My wife and I still would move heaven and earth to make the mortgage payment if things got tight. Actually we could pay the full balance tomorrow but won't for two reasons: (1) cash flow flexibility and (2) we expect when the economy finally recovers from this crash we're gonna see high inflation for a while and then a fixed-rate loan will be advantageous for us.
As time passes, I have no doubt you will see many more decreases in CL's and certainly the stopping of automatic CLI's, as frankly they have put the Credit Card Industry in a precarious position.
It seems that most bankers feel the Credit Card bubble will be the next to burst.
Times like this it is just best to stay with wise spending habits, live within your means and reserve credit purchases for your serious needs.
Both the decision to issue credit and the credit line granted are based on the probability of loss on the account.
For example, the bank using data (internal systems, FICO scores, etc.) to calculate the probability of loss GIVEN your income level, payment history, and previous relationship with the bank.
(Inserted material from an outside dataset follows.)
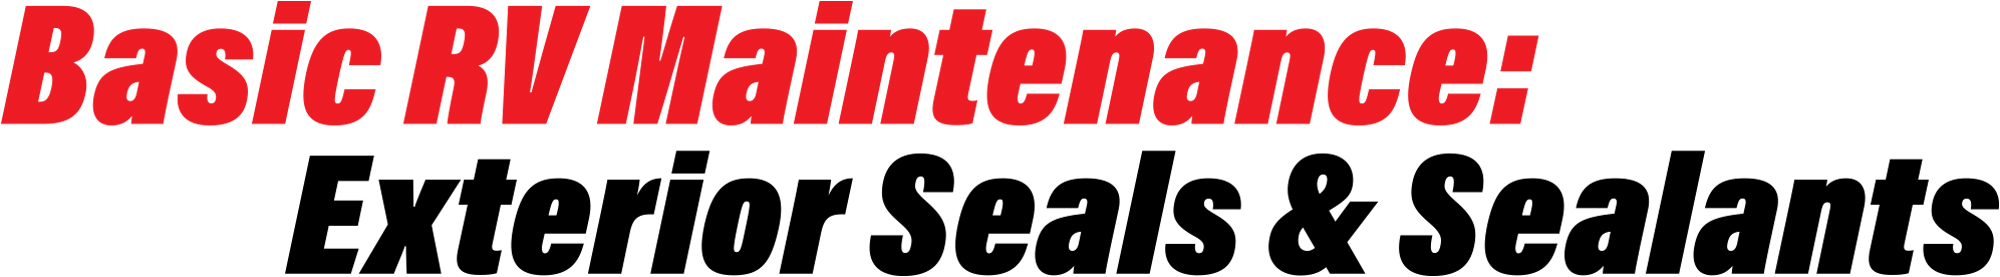 Basic RV Maintenance: Exterior Seals & Sealants typography
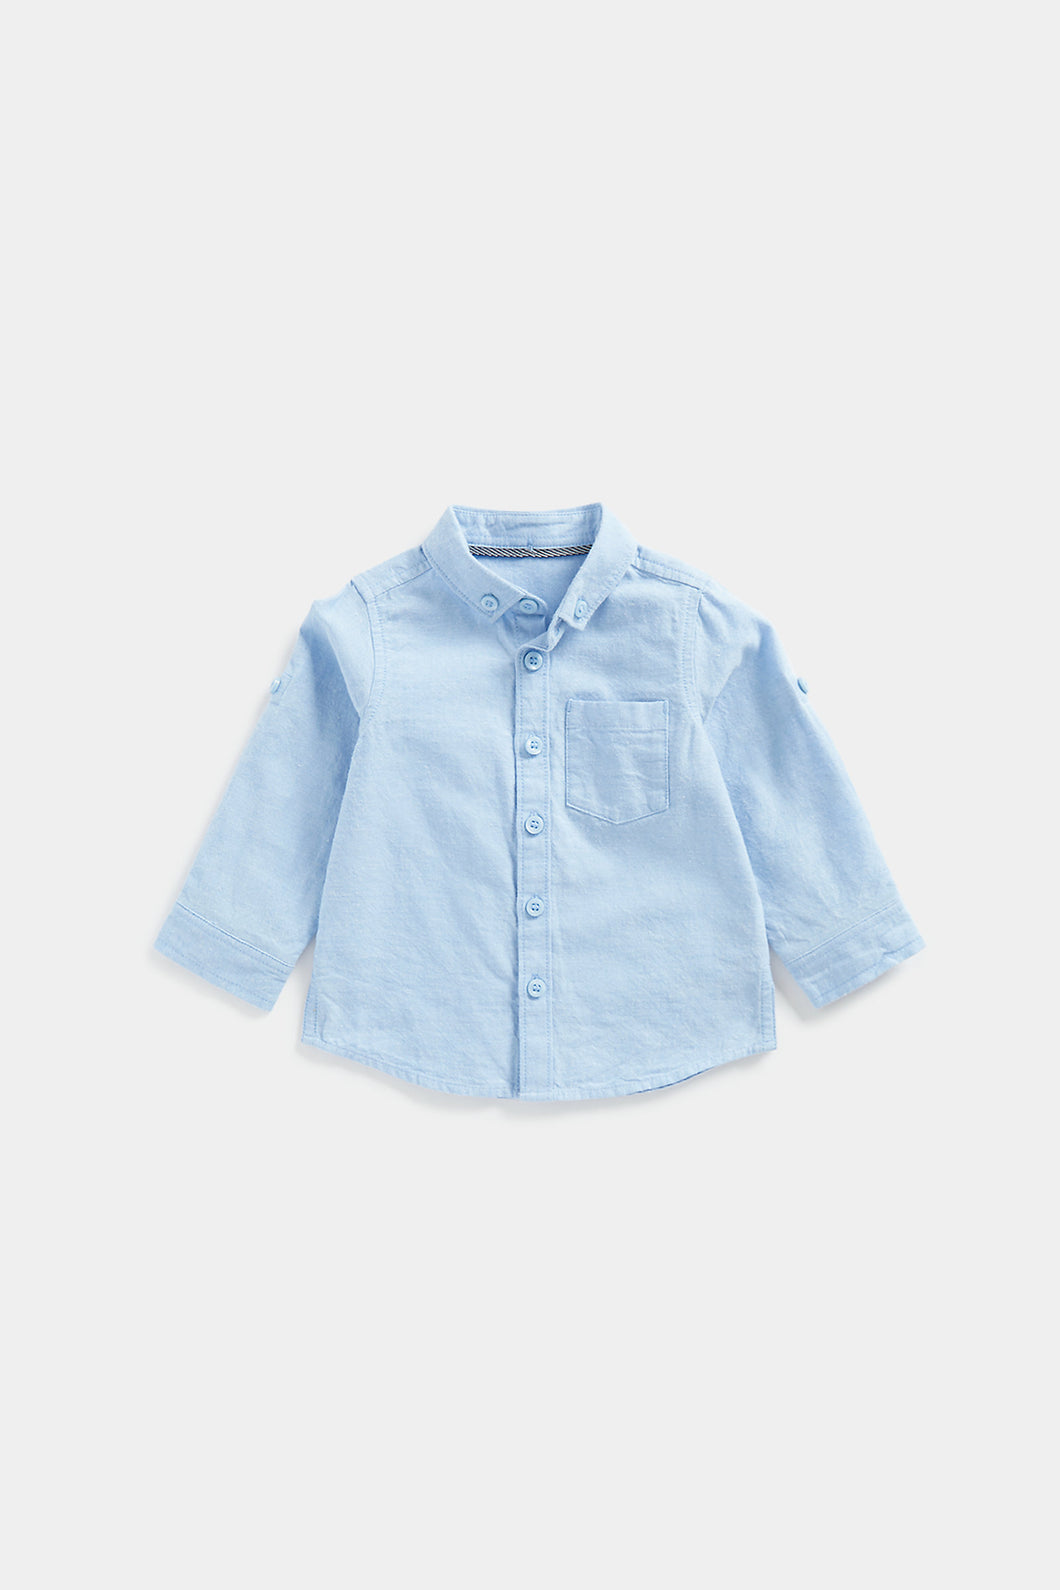 Mothercare Chambray Cotton Shirt

Now, if any of those statistics change, the probability of loss changes. With a new account, the bank has no payment relationship with you, so it assesses a baseline threshold for loss, i.e, your initial CL.
After time, the bank can reassess and, yes, even after 6 months the bank's regression systems may determine that the probability of loss GIVEN your income level, payment history and previous relationship is sufficiently low to allow a CLI to a certain level.
@Anonymous wrote:After time, the bank can reassess and, yes, even after 6 months the bank's regression systems may determine that the probability of loss GIVEN your income level, payment history and previous relationship is sufficiently low to allow a CLI to a certain level.
I think it would be wise to expect that with the recent moves to a variable interest rate, and the associated reassessment of customers profiles, we will see a change in how internal data is interpreted for both CLI considerations, as well as the establishing of an original baseline interest rate + Prime.
For the most part tomorrow's considerations will be pretty much the same as today's.
Pay your bills on time - don't carry balances - you will be fine!
The people who are going to have CLD's are going to be those with the excessively high CL's (over $20K). If you have an excessively high CL with a money center bank and are not exercising a good chunk of it you could suffer a CLD. Those banks have to reduce their exposure and it has to come from somewhere. Those accounts are the mostlikely target. Those and the accounts where the cardholder's credit standing has slipped.